Big. Eight hundred pounds, easy. Thick shoulders, heavy head, fur dulled with dirt and frost.

Its head lifted. The nose worked the air.

Hungry. Focused. Fully awake. The most dangerous kind.

It saw us the same moment I saw it.

"Don't run." I kept my voice low and even. "James. No matter what happens, don't run."

"Wasn't planning on it." His voice was strained, but he held position. "What do we do?"

"Make ourselves big. Make noise. Back away slow. Don't turn around."

I raised my arms above my head and started shouting—loud, aggressive, wordless sounds designed to signal threat rather than prey. James did the same. We took measured steps backward, maintaining eye contact, giving ground without showing fear.

The bear didn't retreat.

It dropped to all fours and started toward us. Not charging—not yet. But closing distance with that deceptive rolling gait that covered ground faster than it looked.

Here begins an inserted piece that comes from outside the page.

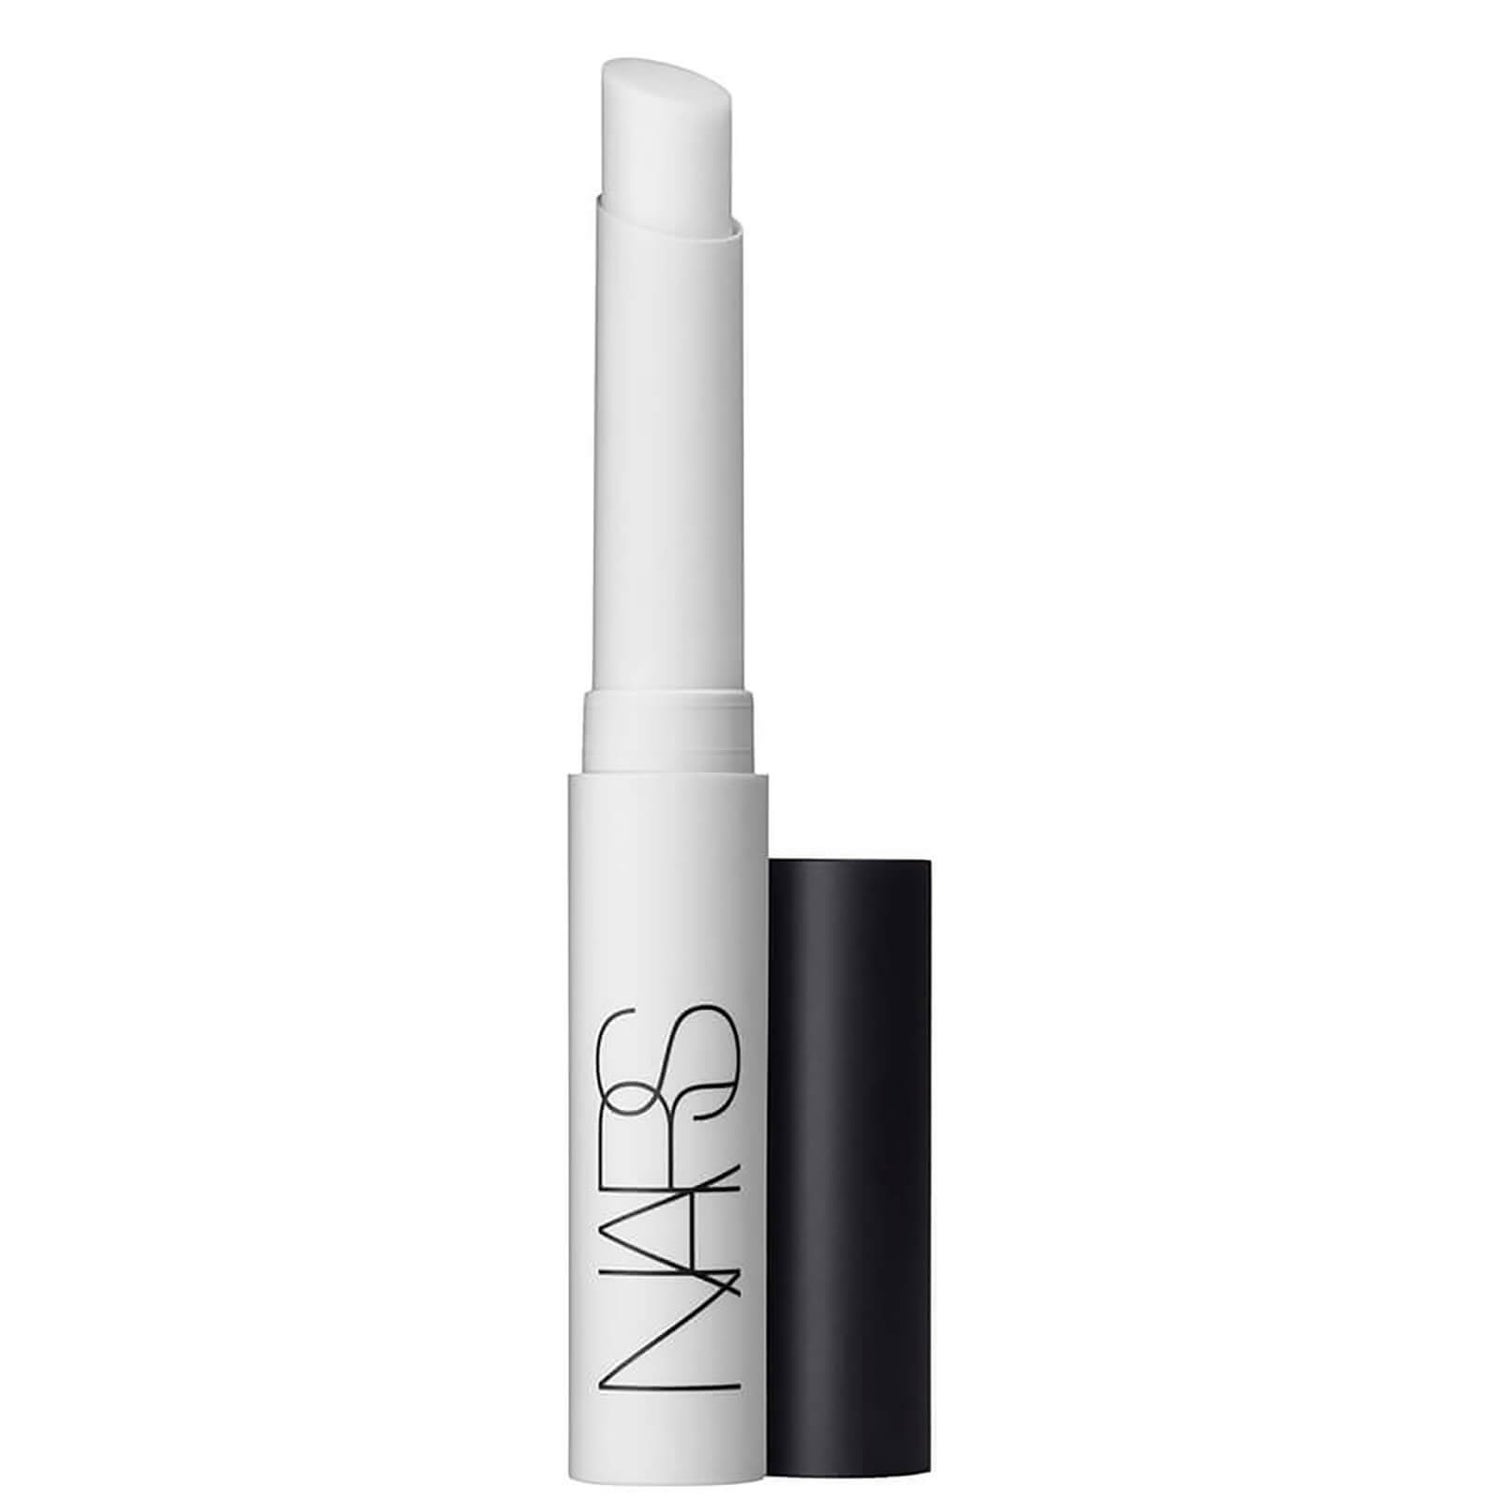 "Instant Line and Pore Perfector" de NARS Cosmetics
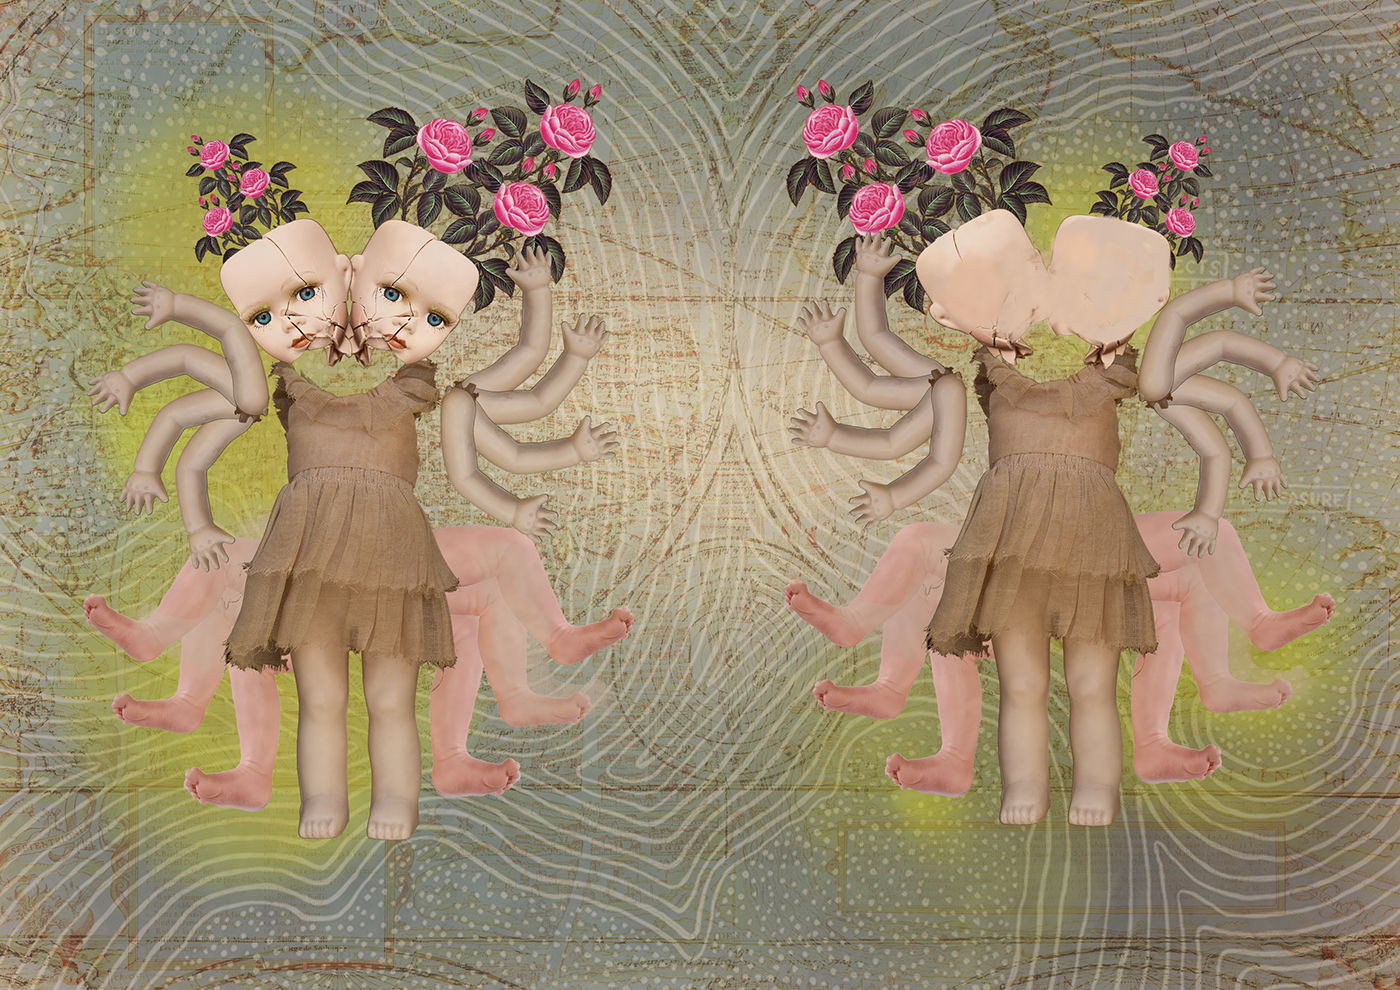 #collage #doll #artwork #finearts #digital #digitalpainting

I ran calculations. Bear spray was in my pack—too far to reach in time. Playing dead only worked for defensive attacks, and this bear's body language read predatory. Climbing was pointless; grizzlies could outclimb humans. Fighting back against eight hundred pounds of claws and teeth was suicide.

Our options were narrowing fast.

The bear broke into a run.

"Move!" I shoved James to the left and dove right, hoping to split its attention.

It didn't work. The bear tracked James with single-minded focus, veering toward him with terrifying speed. He scrambled backward, foot catching on a rock, and went down hard.

"James!"

The bear was on him in seconds, rearing up on hind legs, mouth open in a roar that shook the air. I was running before I could think, reaching for the knife at my belt, knowing it wouldn't be enough—

Then James made a sound I'd never heard from a human throat.

Not fear.

Something tearing loose.

There was a sharp crack—clean and final—and the space where James had been simply wasn’t human anymore.

One blink he was on his back in the snow. The next, a wolf stood in his place.

Big. Solid. Dark brown fur already dusted white, paws sunk deep into the snow as if he’d always belonged there.